Nov. 8, 2007
When you arrive at Shanghai’s Pudong International Airport, now about a decade old, you find yourself at the terminus of the world’s fastest train, a magnetic levitation marvel designed in Germany that takes you downtown at speeds briefly touching 450 kilometers an hour. There is little vibration, not much noise. Only a monitor in the car and the landscape rushing past your window lets you know just how fast you are moving.
Similarly, at the Amsterdam, Paris, or Zurich international airports escalators just beyond customs take you directly to the train station where you can board the sleek Très Grande Vitesse, whose rights-of-way now span Western Europe, making major cities from the Mediterranean to the North Sea reachable in a few hours. There are almost no weather delays, no airport security lines, and the train leaves no carbon contrails across the sky.
However, the international traveler arriving at JFK or LAX will find no such fast and efficient way of getting from the airport into New York or Los Angeles, or from city to city in the United States. Why does the United States lag behind when it comes to public transportation? The obstacles to good public transport are neither economic nor technological. The United States is not a poor country. There are no well-guarded secrets held by German railroad engineers. And although America’s big cities are more widely spaced than Europe’s, geographical distance is not a major impediment. Yet our major transportation corridors are clogged with automobile and truck traffic, our large airports are barely tied to mass transit, let alone to intercity trains, and in many places the only possible way to commute from suburb to city center is by car.
The problems with mass transit are emblematic of a much larger failing. The infrastructure of the United States is in dire need of repair and updating. Our roads, bridges, electrical grid, rail network, water and sewer systems, and public schools, libraries, and parks are inadequate, underfunded, and often poorly maintained. Exploding steam pipes, collapsing bridges, and broken water mains are everyday occurrences.
At the same time, we are facing a major environmental challenge. Left unchecked, global warming will likely lead to irreversible coastal flooding and desertification due to global climate change. Slowing this trend will require us to rely less on fossil fuels and more on renewables, and to establish and adhere to new patterns of energy use in daily life. And it will require us to adopt and observe a new set of rules for the uses of energy in future economic growth.

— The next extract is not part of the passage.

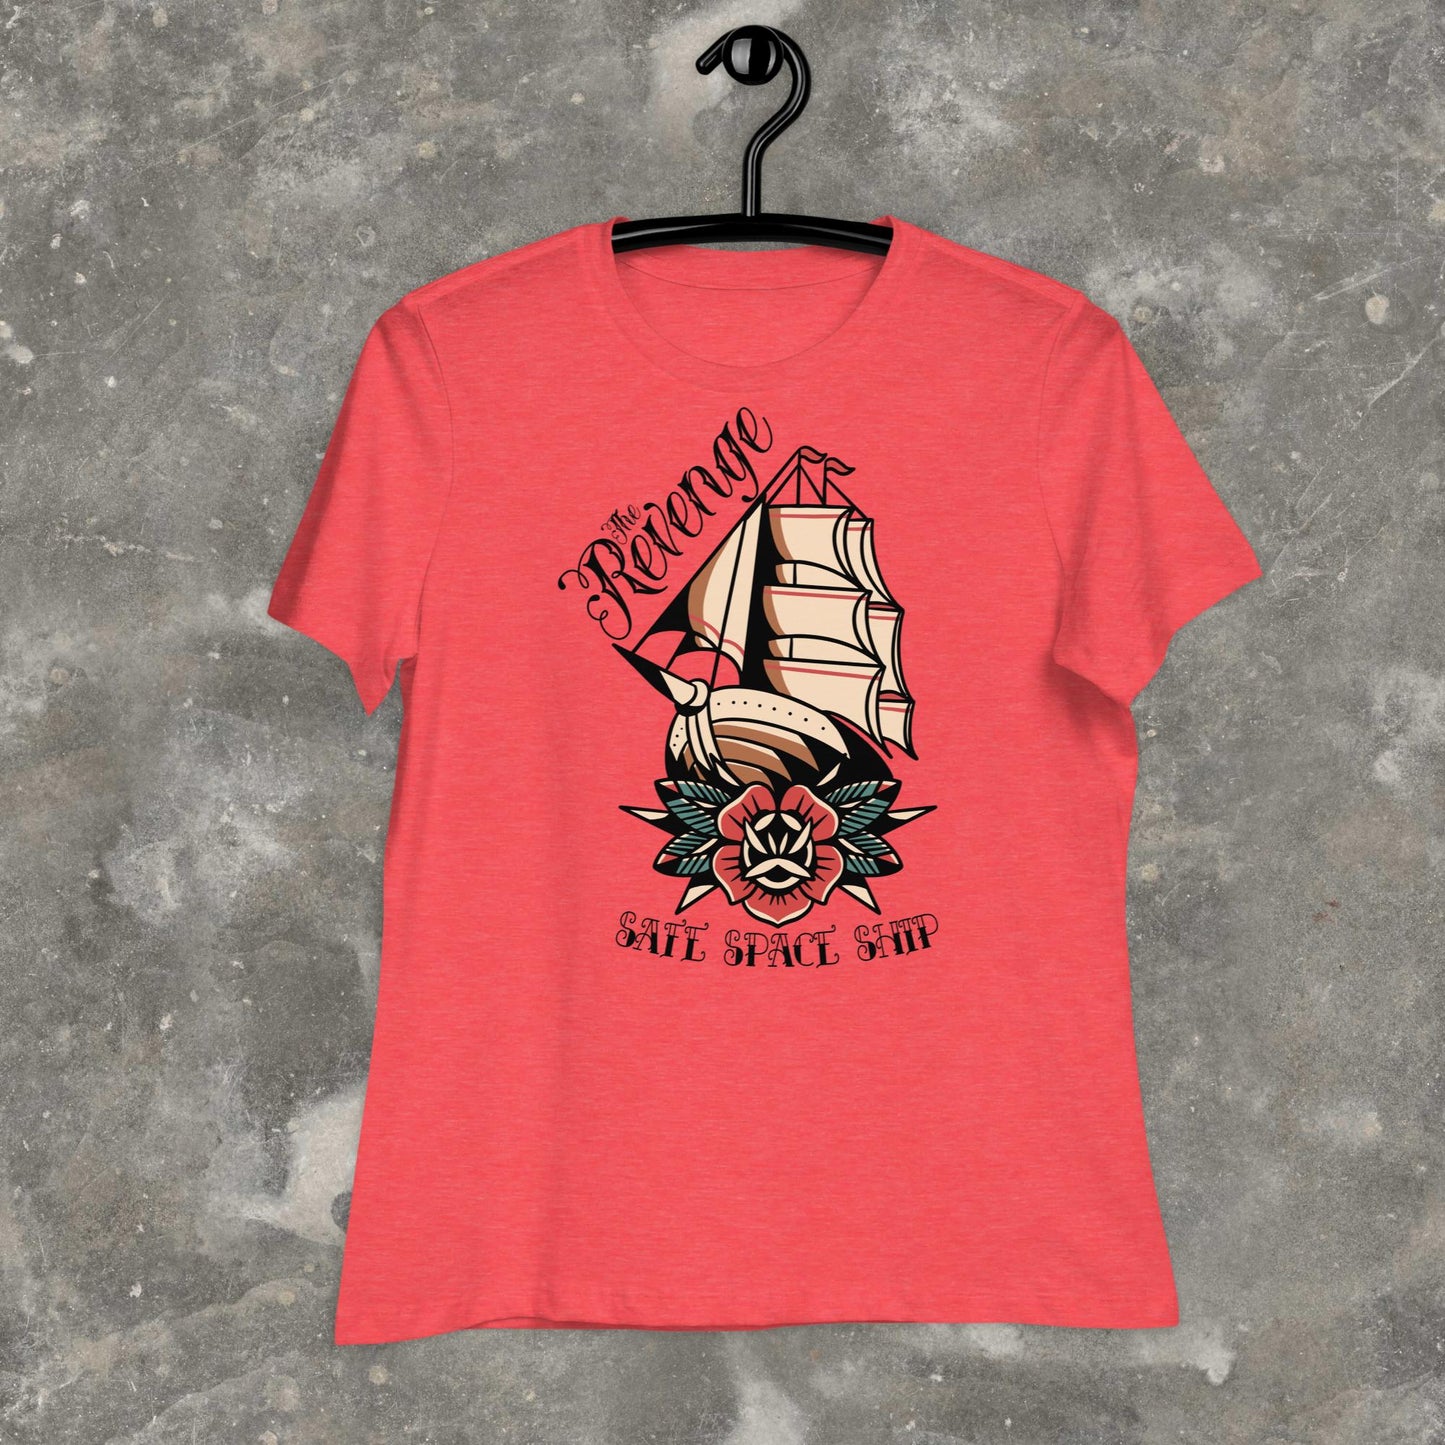 OFMD Our Flag Means Death Blackbonnet Safe Space Ship Revenge Tattoo Femme Fit Relaxed T-Shirt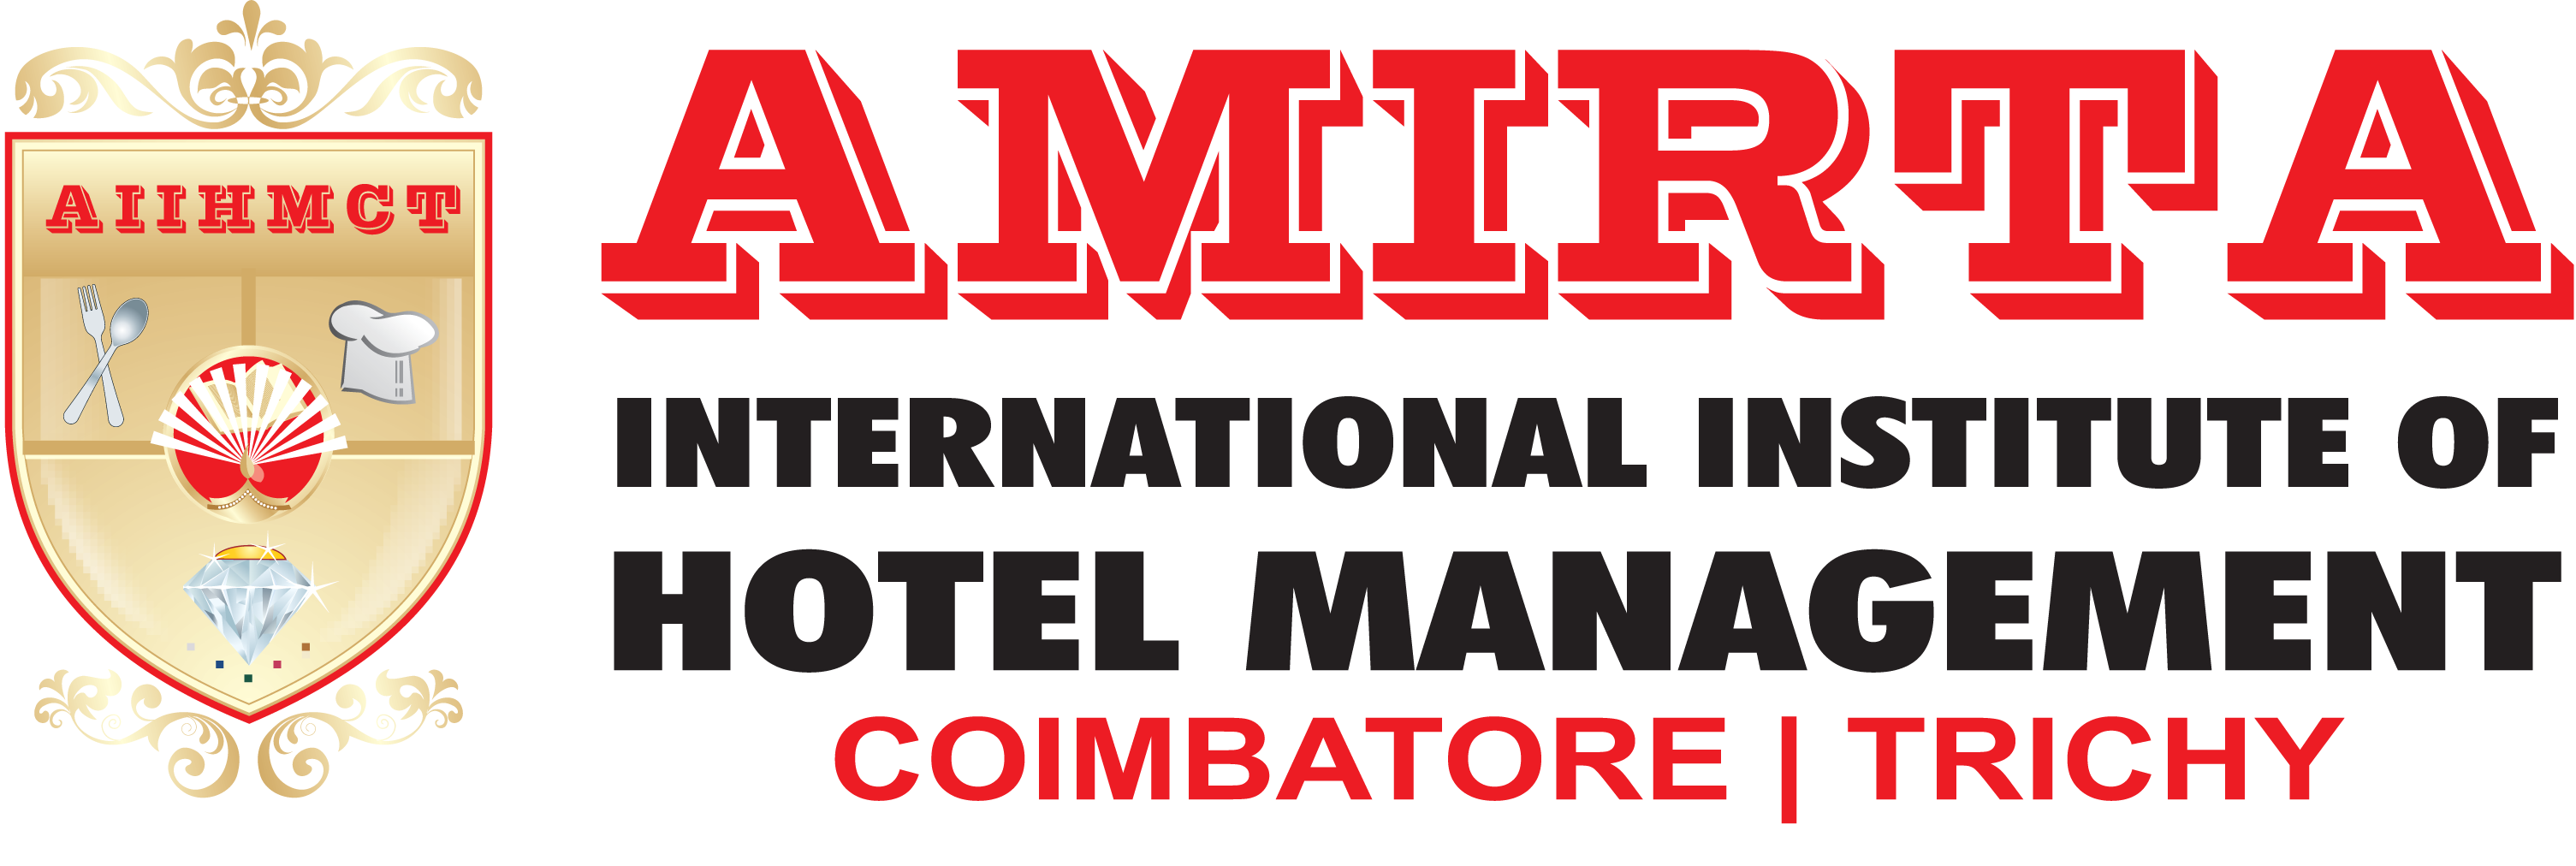 Amirta International Institute of Hotel Management Coimbatore Logo

In order to meet this challenge and to address our future water, power, and transportation requirements, we need a new strategy of public investment. It is only by rebuilding and rewiring the country that we can become an environmentally responsible society while maintaining an acceptable standard of living.
In order to do so, we must overcome a number of obstacles. Some of these obstacles are bound up with federalism and our habits of public finance. Some are linked to interest group politics driven by powerful corporations. Some are the result of the systematic neglect of public capacity brought on by the assault on government by reactionary elites over the past generation. And some are what I would call intellectual landmines, planted by economists, who argue that if we pursue a strategy of major public infrastructure investment we risk blowing up the U.S. economy.
Do the laws of economics and the condition of the U.S. economy stand in the way of a new strategy of public infrastructure investment? Are the financial hurdles insuperable, or even substantial? Would the private economy incur an unbearable burden? Would we face inflation, high interest rates, or a flight from the U.S. dollar on world currency markets? And, to the extent that dangers of this type exist, what policies would be required to keep them under control?
This paper addresses these questions. However, I should say that in reaching my conclusions, I have made a number of (admittedly heroic) assumptions. I assume that a growing understanding of the parlous state of our infrastructure and, especially, of the threat posed by global warming will soon lead to consensus on the need for action. I assume that the federal government can organize a cooperative approach by Congress and state and local governments. I assume that the most vociferous opponents of a new strategy—the coal and oil companies, the automobile companies, aerospace manufacturers, and the airlines—can be overcome. And I assume that the relevant federal agencies can be rebuilt and staffed with competent professionals who enjoy access to the White House.